Not one student in a class of about 30 had a dad who read books.

One of the first things I noticed on my recent trip to Spain and France was how many people carried books with them. They would read on the Metro. They would read in the parks. They would read at the coffee shop. Everywhere I went I was surrounded by people reading real hand-held books.

Every few blocks in Madrid, I would run across a street vendor advertising “Libro” for sale. I was struck by the similarity to the word for book “libro” with the Spanish word for freedom “libertad”.

So much like our own word for freedoms.

Libro. Libertad. Liberty.

If this were algebra, it would read: Books = Freedoms.

Sometimes I think that perhaps it would serve Americans well to be occupied by a foreign entity. We take so much for granted in this country. Most of us have absolutely no idea what it means to suffer for freedom’s sake.

There’s nothing quite as effective as a bit of fascist rule to make a people yearn for the freedom to read a book of their choosing, to make a people yearn for knowledge that reading imparts and the power that is embedded in it.

When I was in Vietnam some years ago, I befriended a South Vietnamese. Before I left the country, I asked him if there was anything I could do for him. “Yes,” he replied. “Send books.”

There is a reason the first thing any tyrant does is to control what the public reads, or if they read. We currently have a dictator-in-the-making who is doing just that. He has appealed to the masses of non-readers in this country. People who think Cervantes is a side dish for chips. People who think Lorca is a type of fish Spaniards eat.

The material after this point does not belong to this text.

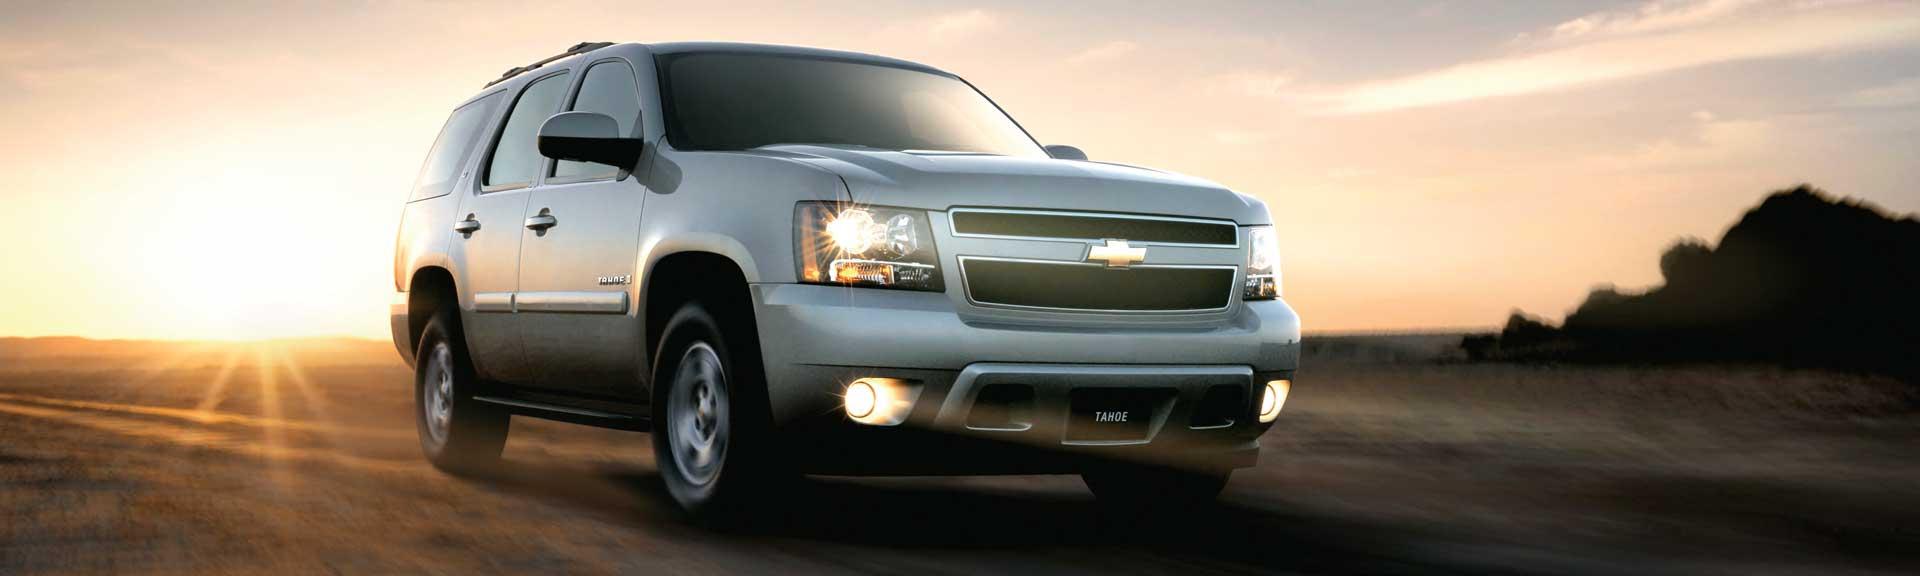 Buy Here Pay Here Greensboro Nc >> Best Auto Dealer Inc Car Dealer In Greensboro Nc

This willful tyrant has no respect or understanding of any culture, not even his own. He has never read a novel. He does not enjoy the theater or the arts of any sort. He doesn’t have the attention span to sit through a cabinet briefing much less a production of Hamilton. He is an ignorant fool who has conned people into thinking he is successful. What he is is a crook. A liar. A thief. A charlatan.

Yet, his people, they do not care. They adore him. They worship at his feet. Literally. They rejoice in having someone as ignorant as them making hateful, racist policies.

Trump is the fascist they have been longing for.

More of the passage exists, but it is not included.